74 Because of that conclusion, it was unnecessary to consider the plaintiff's alternative estoppel claims which would have arisen only if the defendants' contention that the extension of time had been given only by the registered owner had been upheld. The claimed estoppels were, first, that the demise charterer was estopped from relying on the time bar and, second, that the registered owner was estopped from denying that it was the proper defendant. The critical difference between that case and the present is that there the plaintiff commenced proceedings against both the demise charterer and the registered owner but was met with the defence that the claim against the demise charterer was out of time because the extension had been granted only on behalf of the owner.

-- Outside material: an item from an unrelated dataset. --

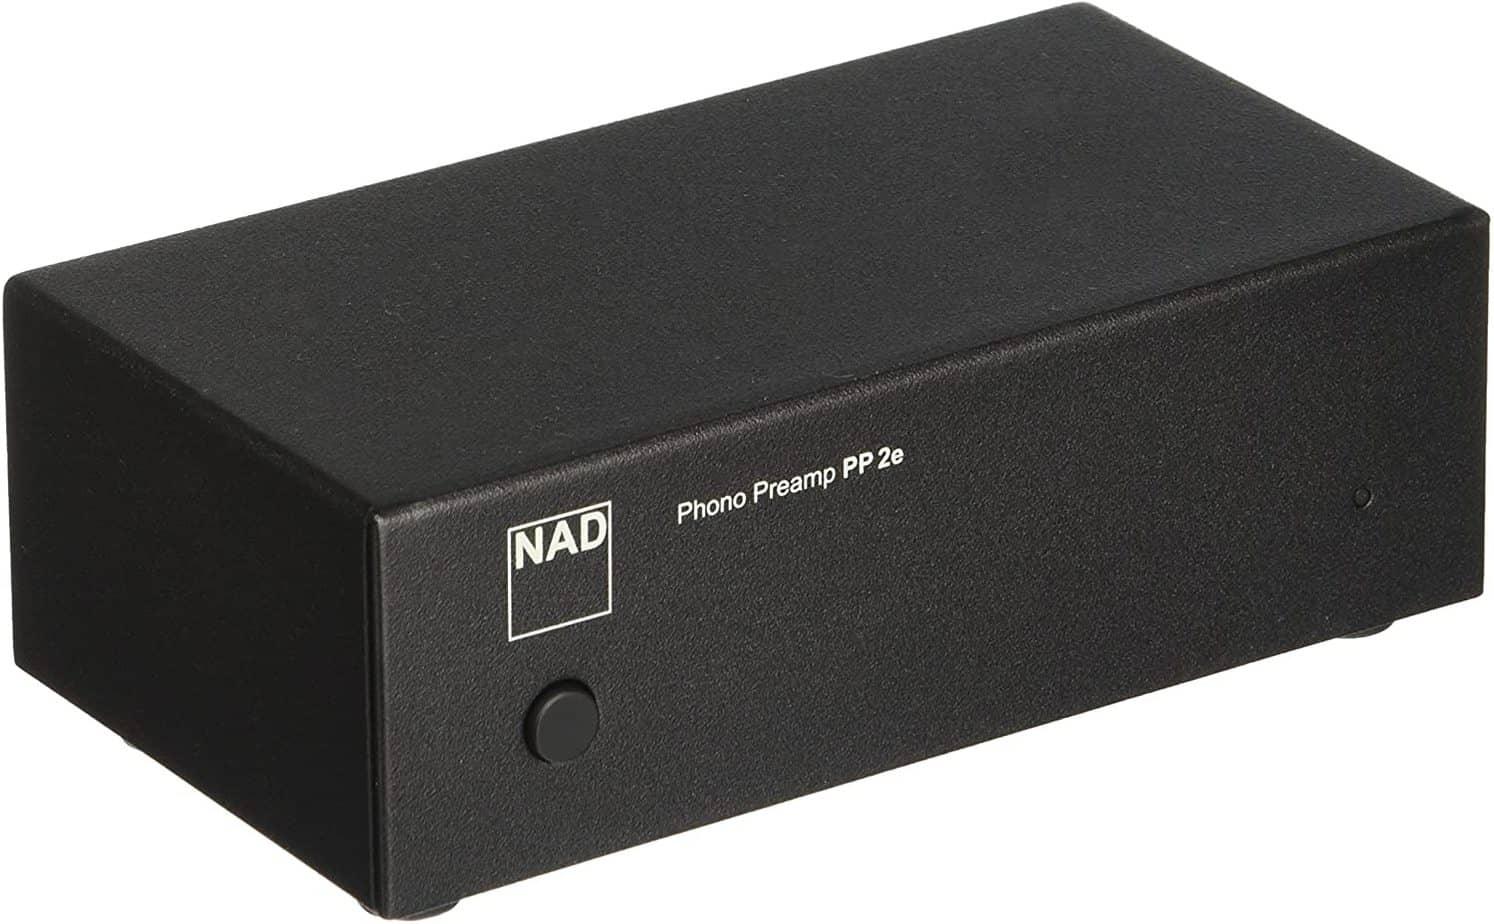 NAD PP 2e Phono Preamplifier

75 Clarke J nevertheless considered the first estoppel claim in case he was found to be wrong on the construction of "owners". The estoppel case therefore proceeded on the premise, which his Lordship had rejected, that "owners" (in the telex exchanges construed objectively in their context and against surrounding circumstances - at 284 and 288) had conveyed that only the registered owners had granted an extension of time (at 288). The reason why Clarke J would have upheld the case was that the P&I Club that granted the extension of time was "virtually certain" that the plaintiff's solicitor, in seeking an extension from "owners", had made a mistake and overlooked the existence of the demise charterer and framed its response deliberately in such a way as to maintain the plaintiff's solicitor's error; the relevant person at the Club "decided to take advantage of that mistake" (at 289). Not only is that element lacking in the present case, the plaintiff in that case had also commenced proceedings against the demise charterer within the time extension granted, on the hypothesis there under consideration, only by the registered owner.

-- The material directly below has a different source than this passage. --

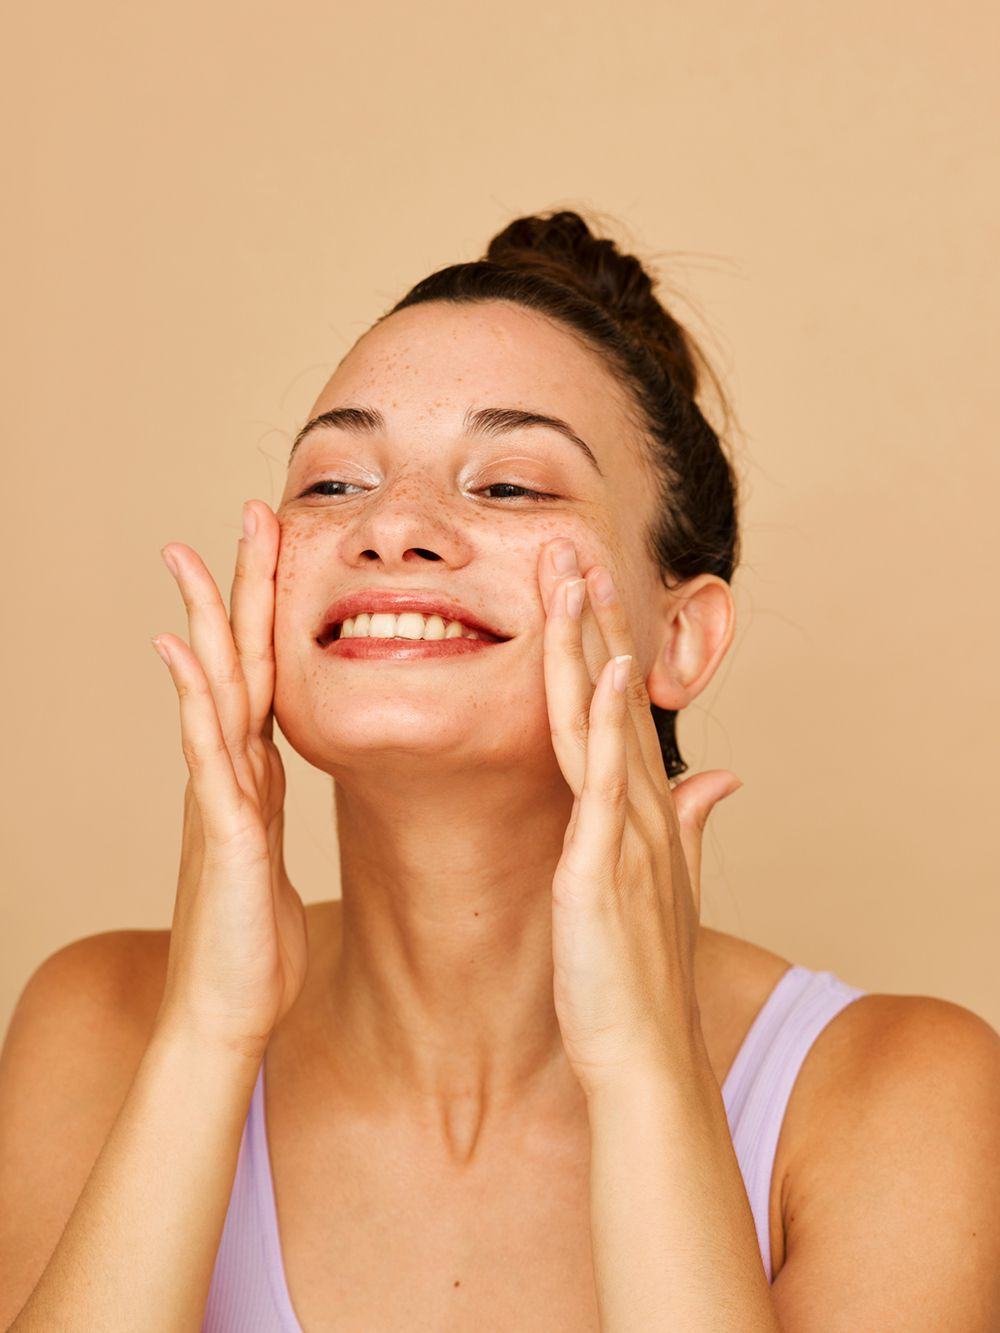 happy person using lite moisturizer

76 In relation to the second estoppel, which only arose for determination if the demise charterer had not been found to have granted an extension and was not estopped from relying on the time bar, Clarke J would have held that the registered owner was not estopped from denying that it was the proper party to be sued. That is essentially because the owner did not represent that it was a party to the bill of lading contract, notwithstanding that only it had granted an extension of time (at 291). That conclusion is therefore against Ixom's case.

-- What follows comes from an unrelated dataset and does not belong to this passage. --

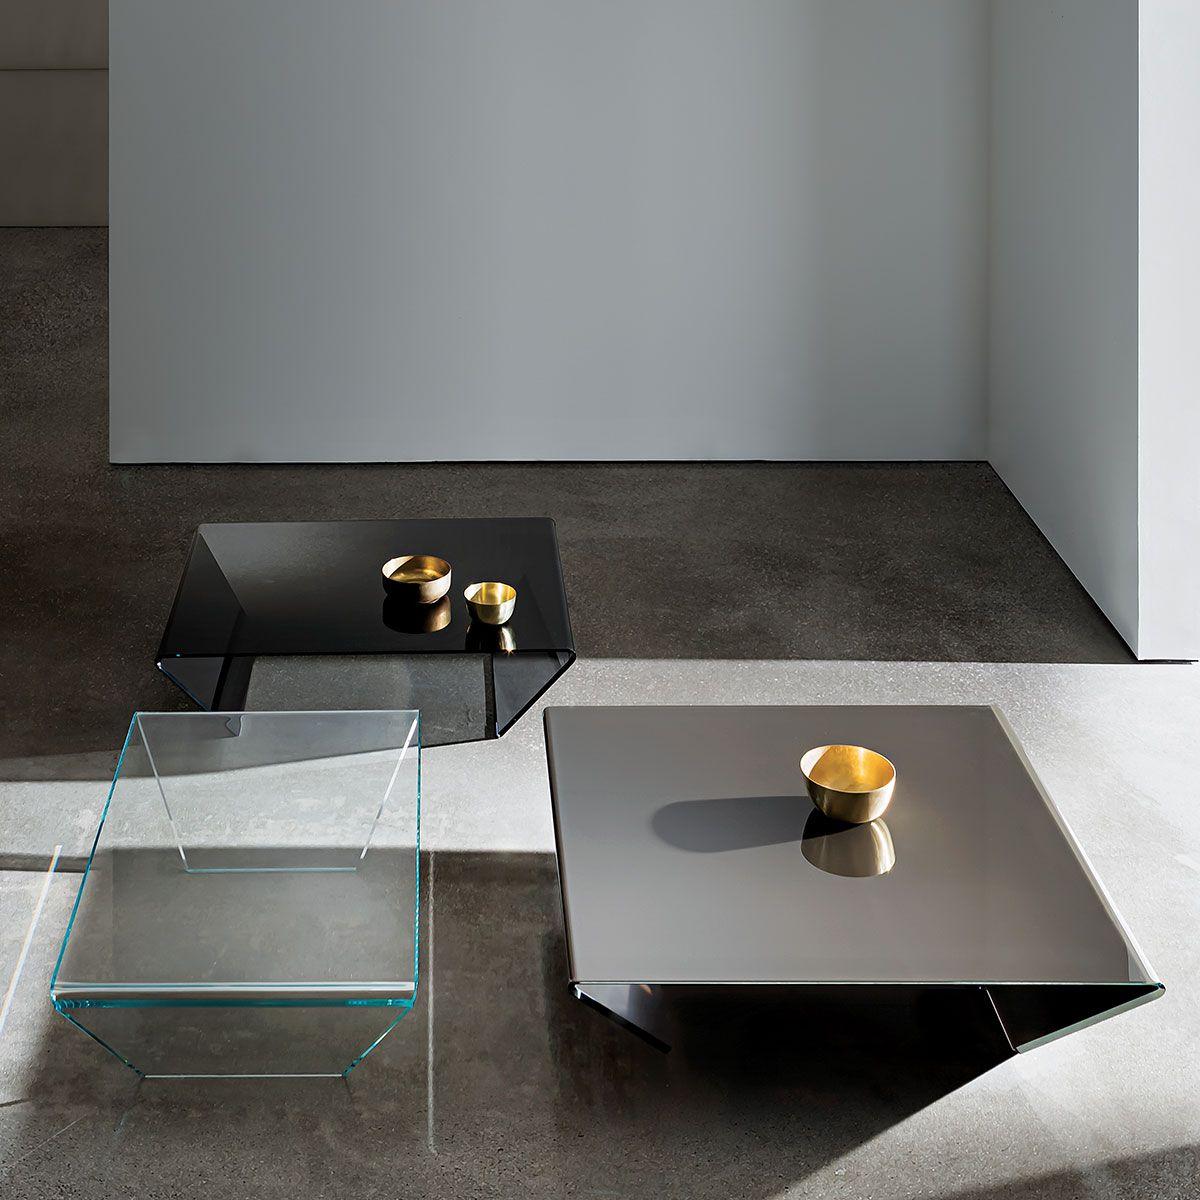 Rubino Curved Glass Coffee Table Klarity Glass Furniture Coffee Table Glass Coffee Table Glass Furniture [ 1200 x 1200 Pixel ]

77 The appeal against the decision of Clarke J on the contractual point was dismissed: The Stolt Loyalty [1995] 1 Lloyd's Rep 598 (CA) (Hoffmann LJ, Hirst and Glidewell LLJ agreeing). The estoppel claims were not considered. There is nothing in Hoffmann LJ's judgment that supports Ixom's case. Indeed, it is hard to understand why Ixom sought to rely on The Stolt Loyalty in support of its case when in truth that case is against it. Also, there is nothing in the passage that it specifically refers to (ie, 287-288 at first instance) in support of its contention that there can be two carriers that deals with that question.
78 Finally, there is the misleading and deceptive conduct claim. It rests on the contention that the 25 May 2018 email represented that the registered owner was the carrier. That has already been disposed of. The primary judge was correct to dismiss that claim.